Cursor's SDK lets you run a coding agent from code

Cursor dropped a public cookbook repo this week that documents something most people haven't noticed yet: there's now a TypeScript SDK for running Cursor's coding agent from your own code.

Not the IDE. The actual agent — the thing that reads your codebase, writes files, runs commands, and iterates. You can spawn it, stream its output, cancel it, and manage multiple runs in parallel. All from a script or a web app.

That's a meaningfully different capability than what existed two months ago.
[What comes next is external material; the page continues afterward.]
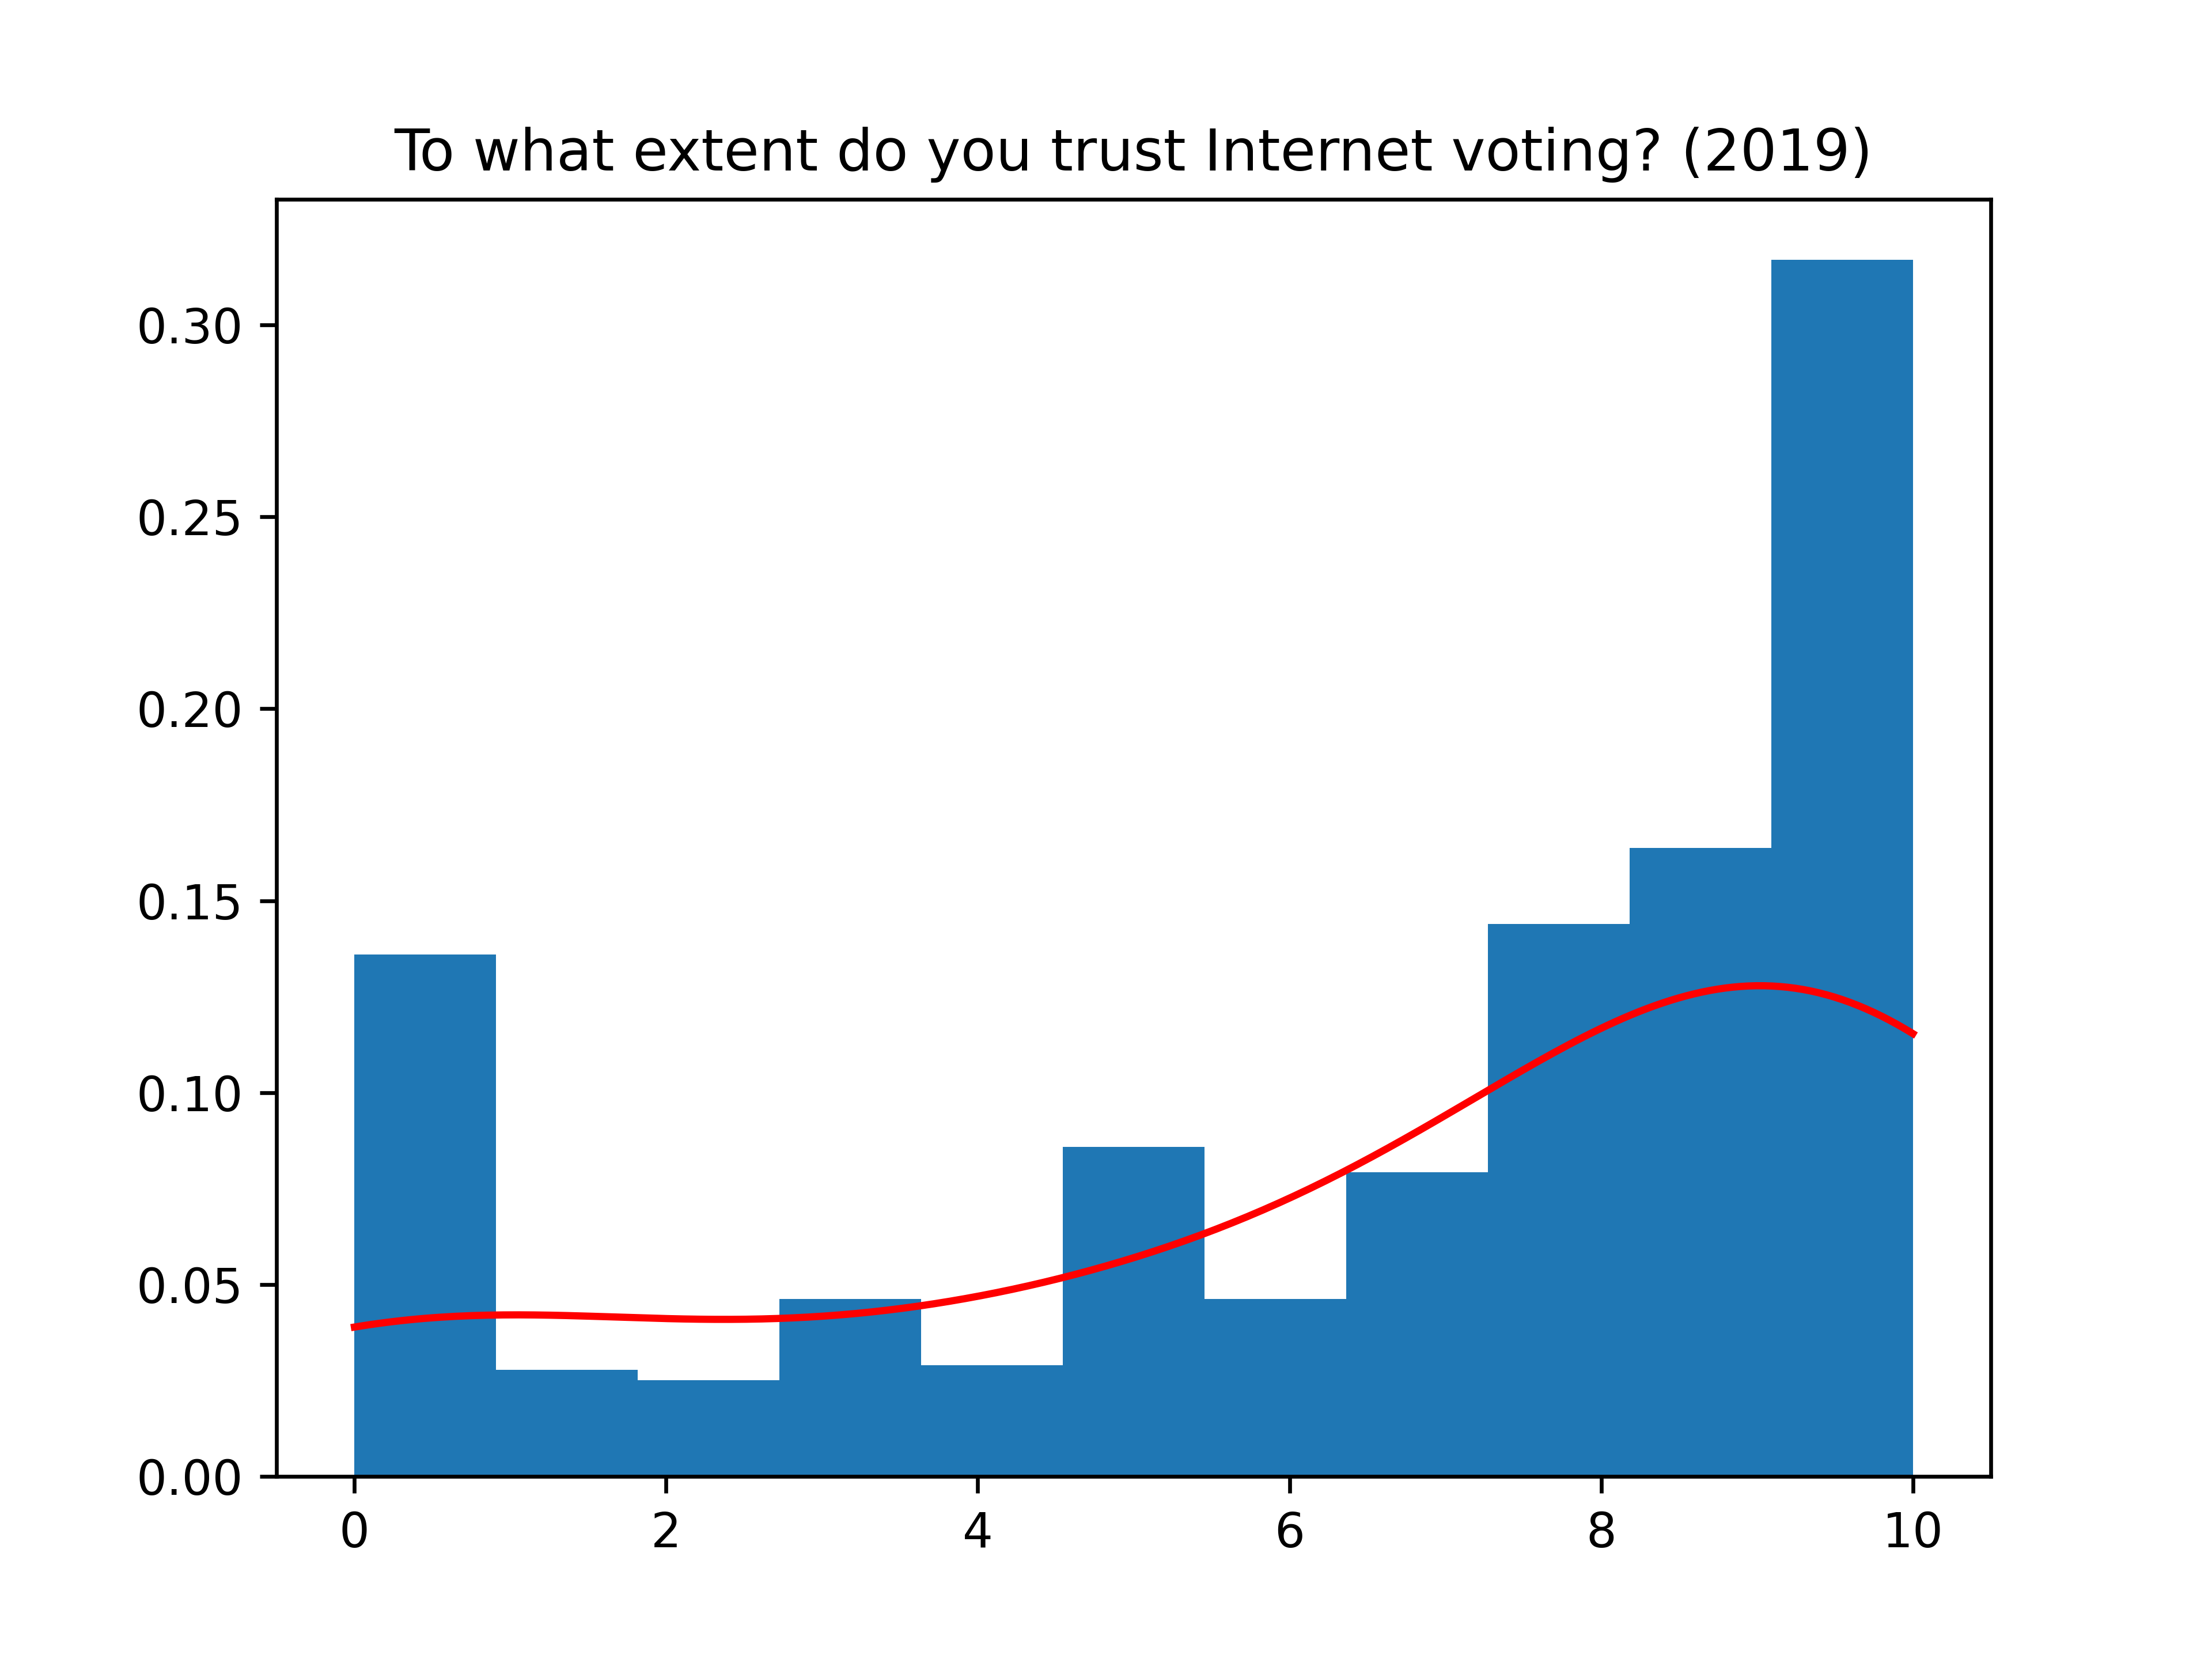 Polarisation in trust curves of Internet voting on 2013 and 2019

What the SDK actually does

The core of it is a client that wraps Cursor's agent API. You give it a workspace path and a prompt, and it runs the agent there:

import { CursorClient } from '@cursor/sdk';

const client = new CursorClient({
  apiKey: process.env.CURSOR_API_KEY,
});

const run = await client.agent.create({
  workspacePath: '/path/to/your/project',
  prompt: 'Add input validation to all API routes. Use Zod.',
});

for await (const event of run.stream()) {
  if (event.type === 'file_write') {
    console.log('Modified:', event.path);
  }
  if (event.type === 'shell_command') {
    console.log('Ran:', event.command);
  }
}

await run.waitForCompletion();

Events stream in real time. You can react to file writes, shell commands, messages, and completions as they happen. The run also supports cancellation and exposes conversation state if you want to continue a run with a follow-up prompt.
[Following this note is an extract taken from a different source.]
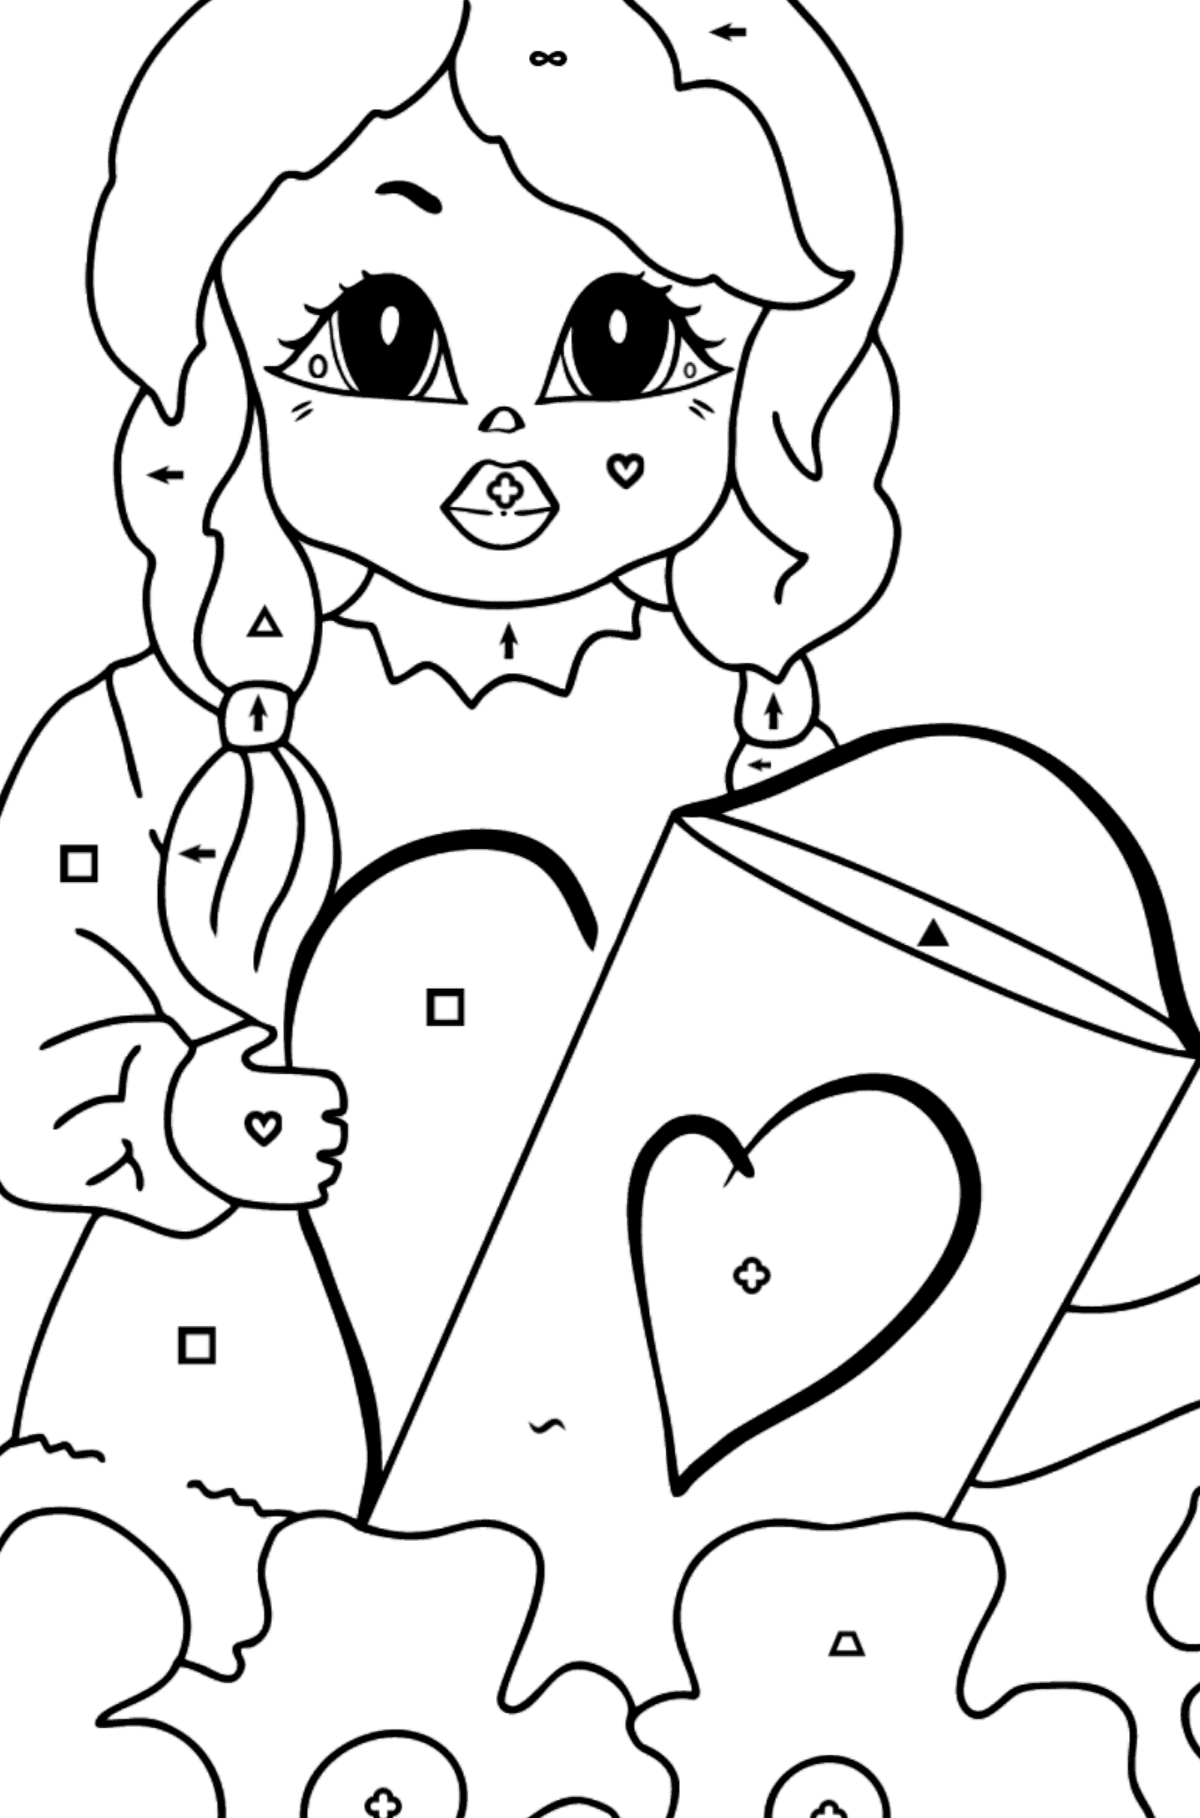 Coloring Page - A Princess with a Watering Can - Coloring by Symbols and Geometric Shapes for Kids

Cloud agents are the same API but without needing a local workspace path — it provisions an environment for you, runs the agent, and surfaces artifacts when it's done.
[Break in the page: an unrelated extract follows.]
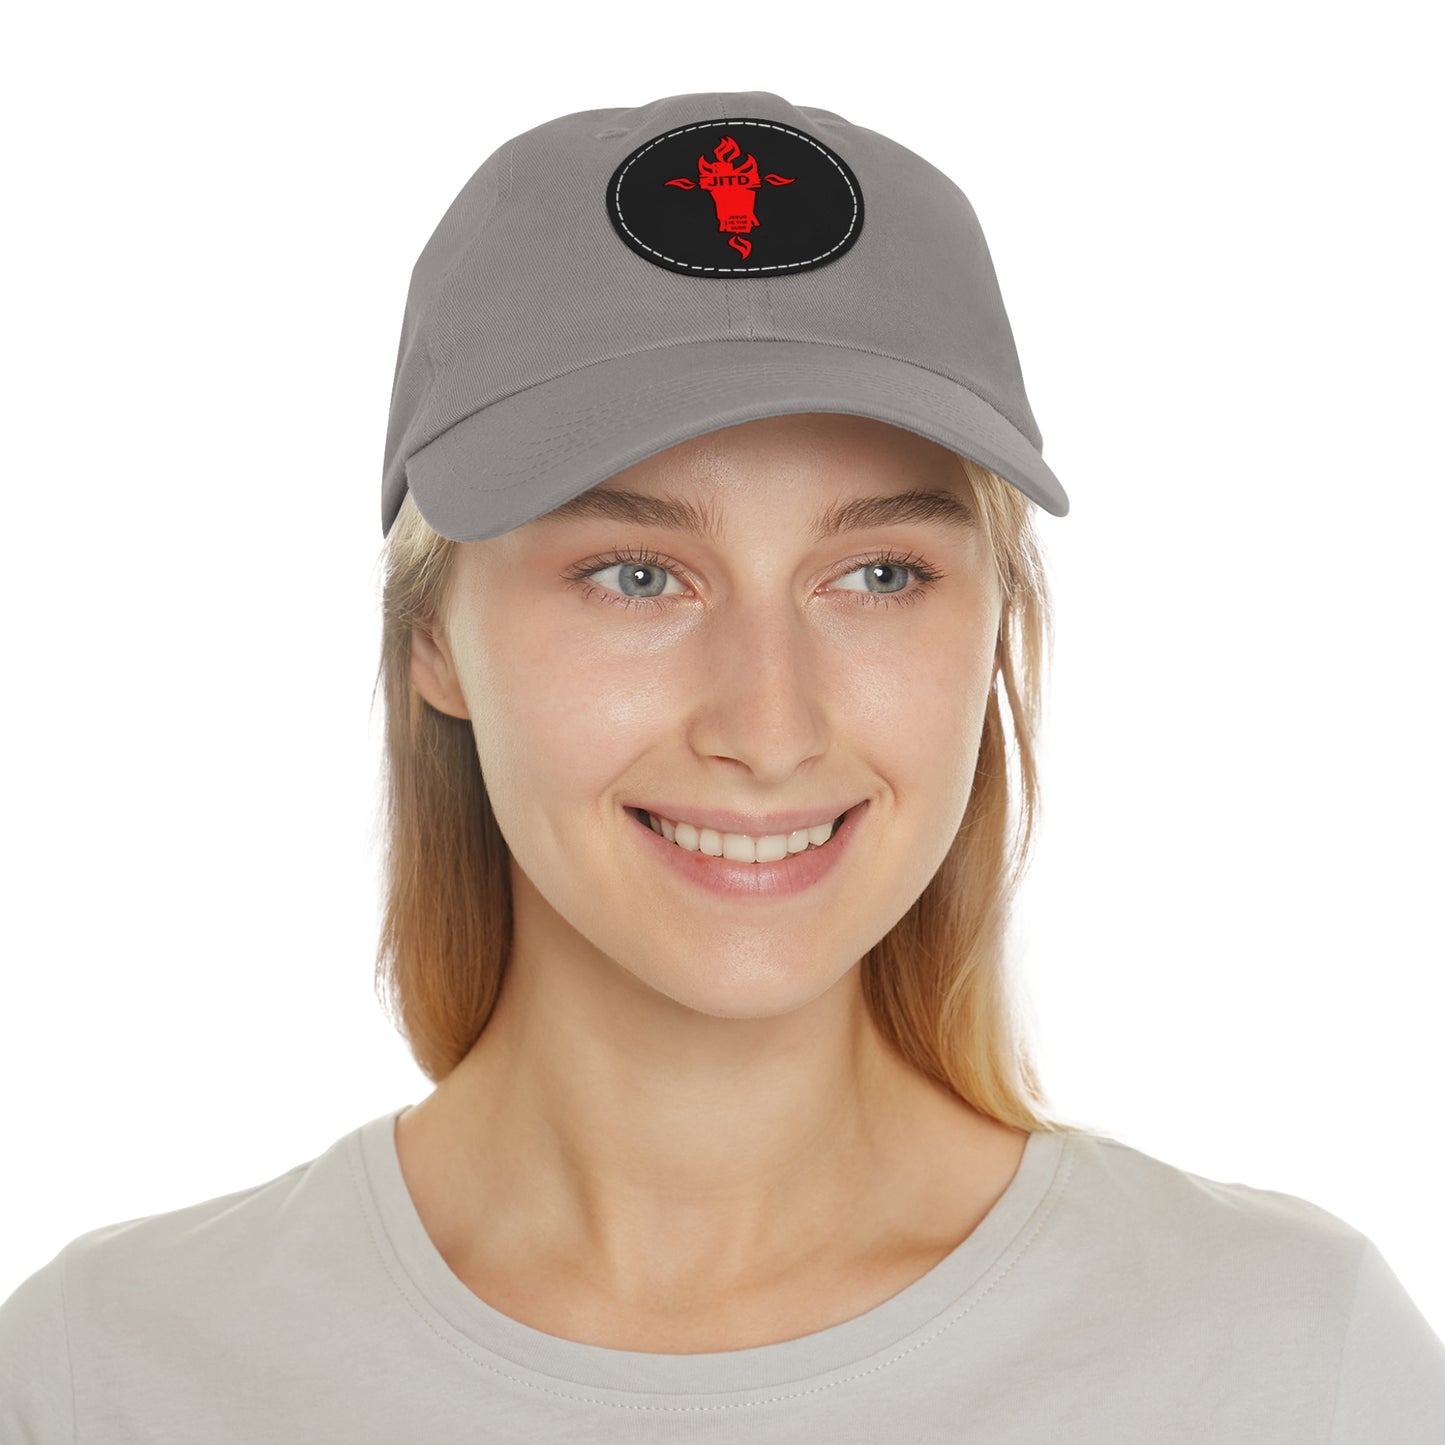 JITD FIRE CROSS HAT WITH LEATHER PATCH

The DAG task runner pattern

The cookbook example I keep coming back to is the DAG task runner. The idea: decompose a large task into a JSON graph of subtasks, fan them out across multiple agents in parallel, and collect the results.

const dag = {
  nodes: [
    { id: 'audit', prompt: 'Audit all API routes for missing auth checks. Output JSON.' },
    { id: 'fix-auth', deps: ['audit'], prompt: 'Fix the issues found by the audit agent.' },
    { id: 'tests', deps: ['audit'], prompt: 'Write tests for every route flagged in the audit.' },
    { id: 'pr', deps: ['fix-auth', 'tests'], prompt: 'Create a summary of changes for the PR description.' },
  ]
};

You resolve the graph, run leaf nodes in parallel, then pass their outputs as context into dependent nodes. For a security audit + fix pipeline on a real codebase, this could save hours of back-and-forth.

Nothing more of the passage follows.